Procedure (each time):
1. Present a concise summary of what just changed, key diffs/issues resolved, and what the next step will do.
2. Ask exactly: Proceed? reply: yes/no
3. Only continue if the user replies exactly yes (case-insensitive). Any other reply = no; stop and wait.
4. On approval:
- Update progress checklist (tick the completed item) and write `workbench/<short_name>/progress.md` with timestamp.
- Commit related changes (if any), push.
- Update (or append to) the PR description: add a collapsed section titled with the step name (e.g., "Snapshot Update", "Meadow Update") containing the summary.
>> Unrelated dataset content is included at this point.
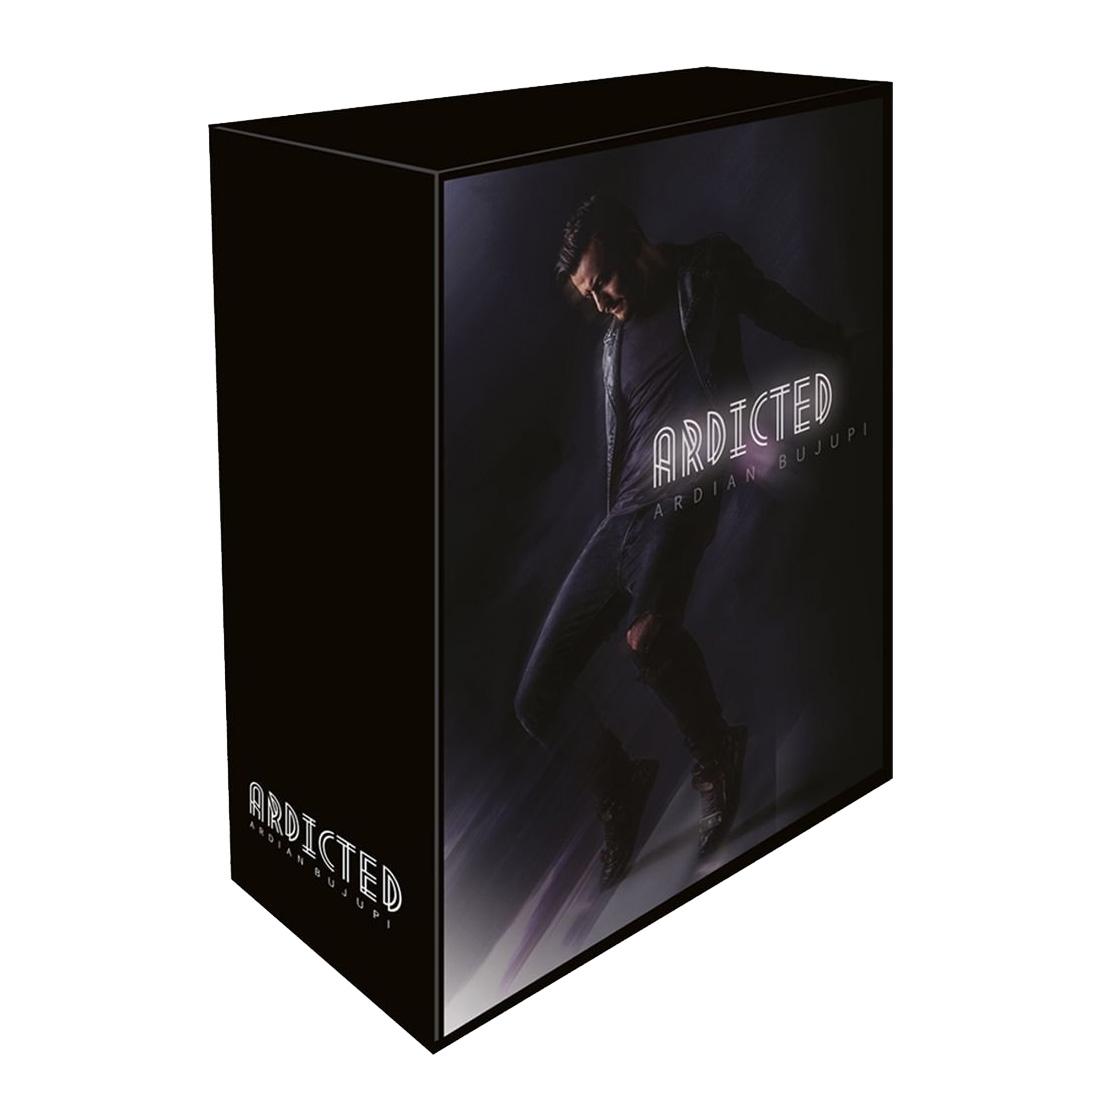 Ardicted (ltd. Fan Edition mit T-Shirt Boys M) von Ardian Bujupi - Boxset jetzt im Bravado Shop

## Mandatory per-step checkpoints (rule)
You MUST:
- Stop after each workflow step (1–6) and run CHECKPOINT before starting the next (step 7 is optional and still requires a checkpoint if executed).
- Never chain multiple steps inside a single approval.
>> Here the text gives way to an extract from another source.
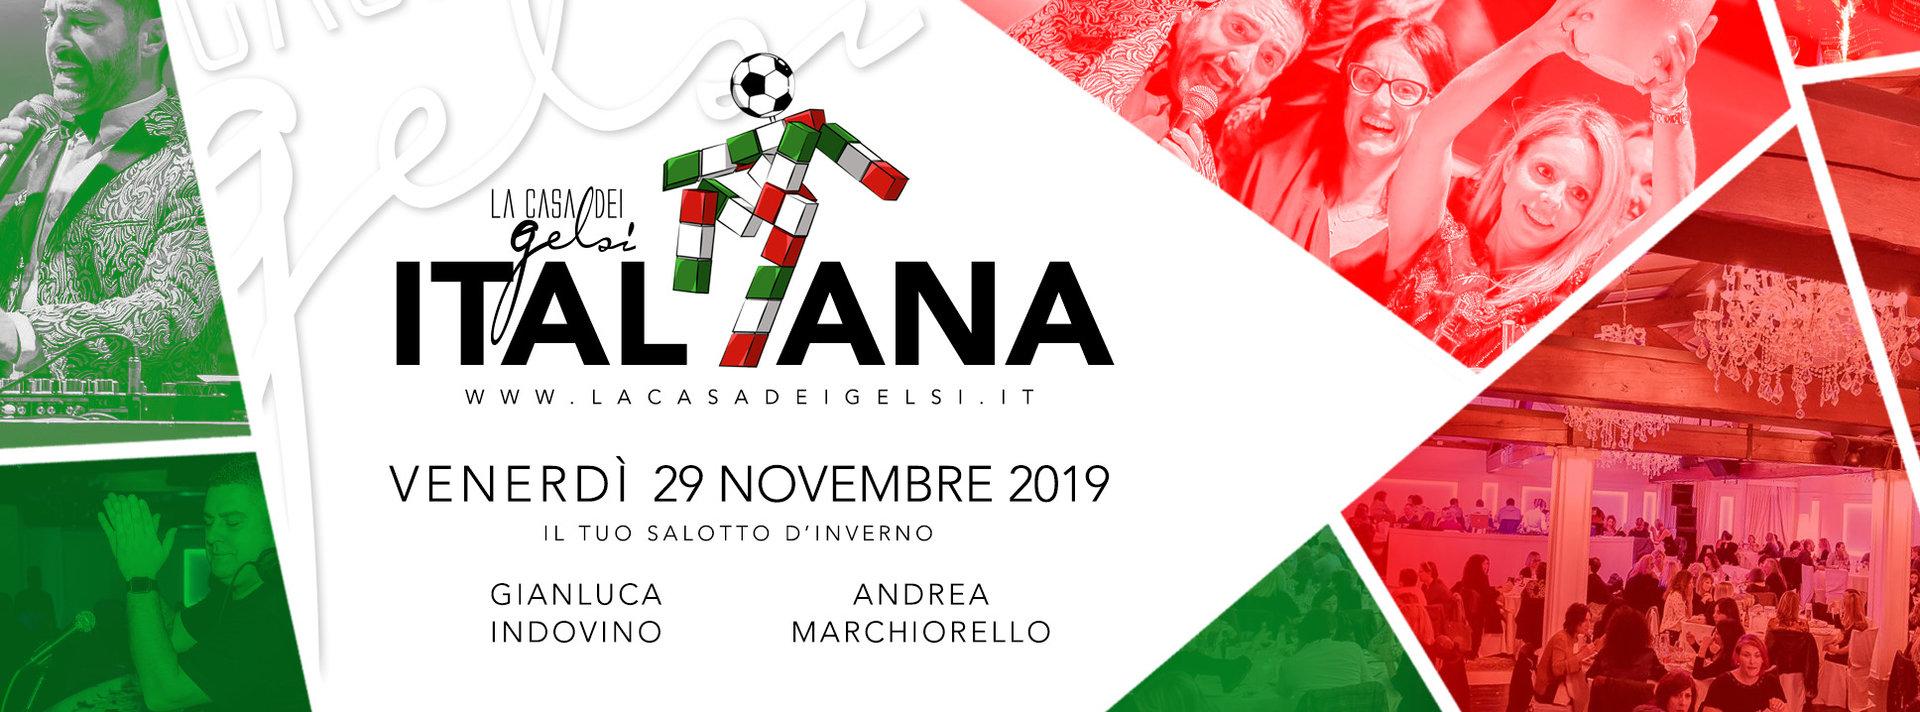 Italiana Gelsi - 29 novembre 2019

- Treat missing or ambiguous replies as no.
## Workflow orchestration
0) Initial setup
- Check if `workbench/<short_name>/progress.md` exists to determine if continuing existing update
- If starting fresh: delete `workbench/<short_name>` directory if it exists
- Create fresh `workbench/<short_name>` directory for artifacts
1) Run ETL update command (etl-update subagent)
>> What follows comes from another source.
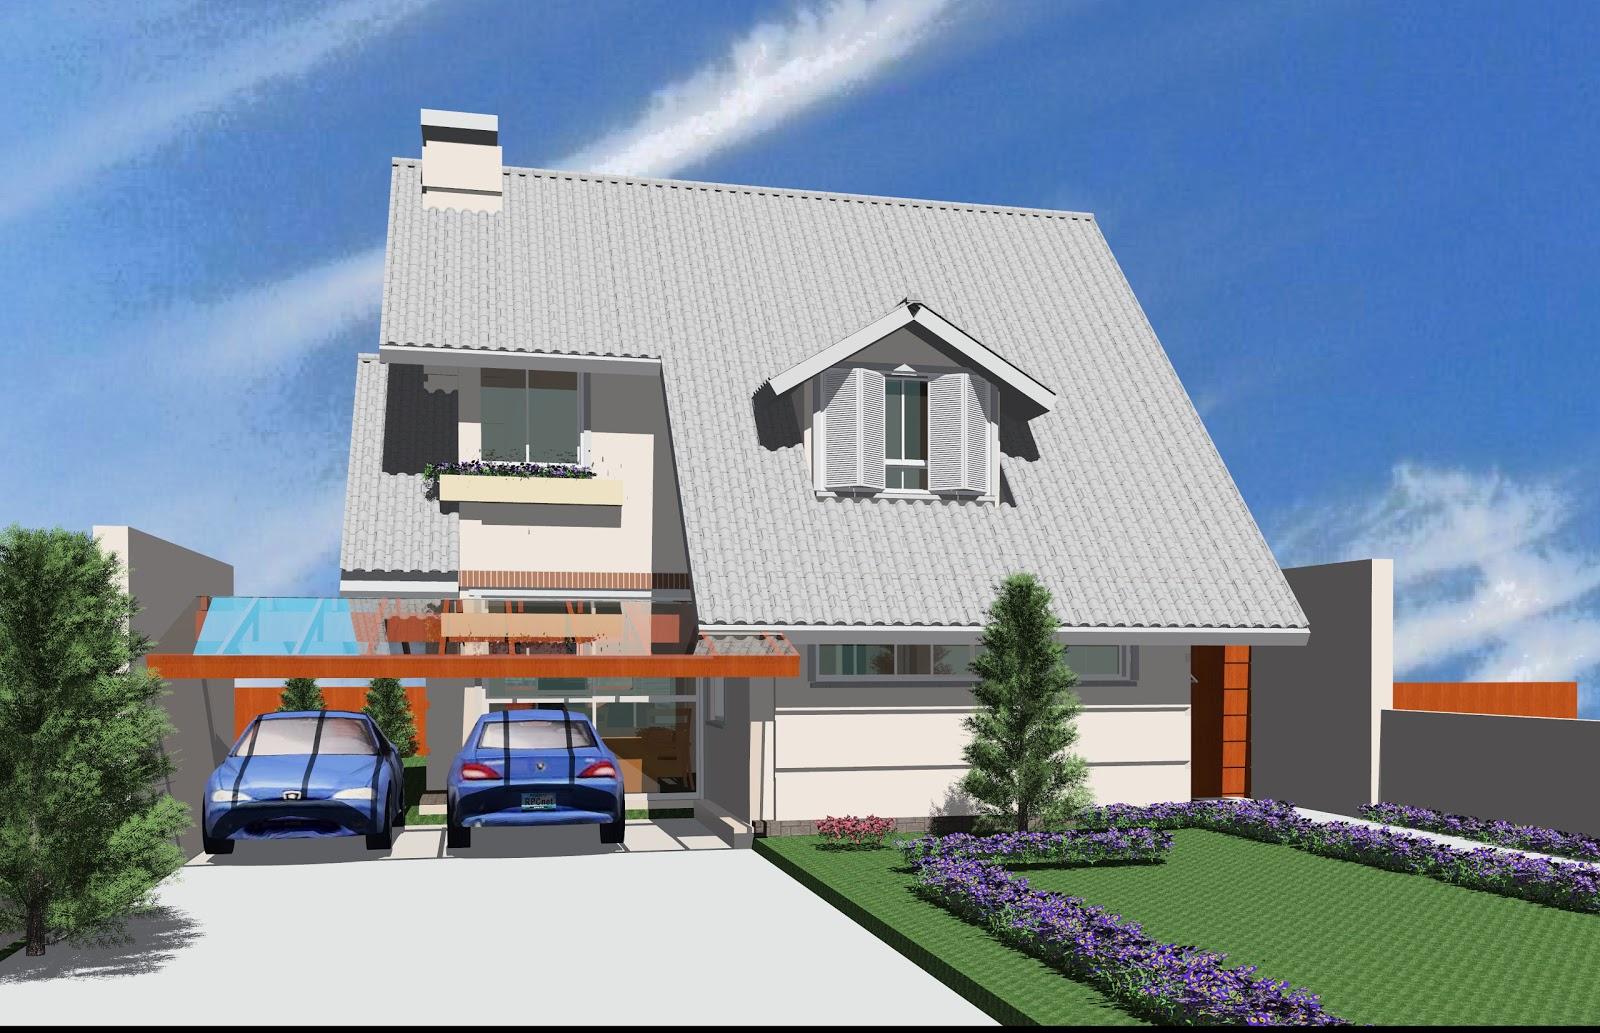 Casa frente modelo imoveis cultura mix muro casas modernas for Modelos de casas modernas

- Inputs: `<namespace>/<old_version>/<short_name>` plus any required flags
- Perform help check, dry run, approval, then real execution; capture summary for later PR notes
- CHECKPOINT (stop → summarize → ask → require yes)
2) Create PR and integrate update via subagent (etl-pr)
- Inputs: `<namespace>/<old_version>/<short_name>`
- Create or reuse draft PR, set up work branch, and incorporate the ETL update outputs
- CHECKPOINT
3) Snapshot run & compare (snapshot-runner subagent)
- Inputs: `<namespace>/<new_version>/<short_name>` and `<old_version>`
- CHECKPOINT
4) Meadow step repair/verify (step-fixer subagent, channel=meadow)
- Run, fix, re-run; produce diffs
- Save diffs and summaries
- CHECKPOINT
5) Garden step repair/verify (step-fixer subagent, channel=garden)
- Run, fix, re-run; produce diffs
- Save diffs and summaries
- CHECKPOINT
6) Grapher step run/verify (step-fixer subagent, channel=grapher, add --grapher)
- Skip diff
- CHECKPOINT
7) Indicator upgrade (optional, staging only)
- Use indicator-upgrader subagent with `<short_name> <branch>`
- CHECKPOINT (if executed)
## Guardrails and tips
- Never return empty tables or comment out logic as a workaround — fix the parsing/transformations instead.
- Column name changes: update garden processing code and metadata YAMLs (garden/grapher) to match schema changes.
- Indexing: avoid leaking index columns from `reset_index()`; format tables with `tb.format(["country", "year"])` as appropriate.
- Metadata validation errors are guidance — update YAML to add/remove variables as indicated.
## Artifacts (expected)
- `workbench/<short_name>/snapshot-runner.md`
- `workbench/<short_name>/progress.md`
- `workbench/<short_name>/meadow_diff_raw.txt` and `meadow_diff.md`
- `workbench/<short_name>/garden_diff_raw.txt` and `garden_diff.md`
- `workbench/<short_name>/indicator_upgrade.json` (if indicator-upgrader was used)
## Example usage
- Minimal catalog URI with explicit old version:
- `update-dataset data://snapshot/irena/2024-11-15/renewable_power_generation_costs 2023-11-15 update-irena-costs`
---
### Common issues when data structure changes
- SILENT FAILURES WARNING: Never return empty tables or comment code as workarounds!
- Column name changes: If columns are renamed/split (e.g., single cost → local currency + PPP), update:
- Python code references in the garden step
- Garden metadata YAML (e.g., `food_prices_for_nutrition.meta.yml`)
- Grapher metadata YAML (if it exists)
- Index issues: Check for unwanted `index` columns from `reset_index()` — ensure proper indexing with `tb.format(["country", "year"])`.
- Metadata validation: Use error messages as a guide — they show exactly which variables to add/remove from YAML files.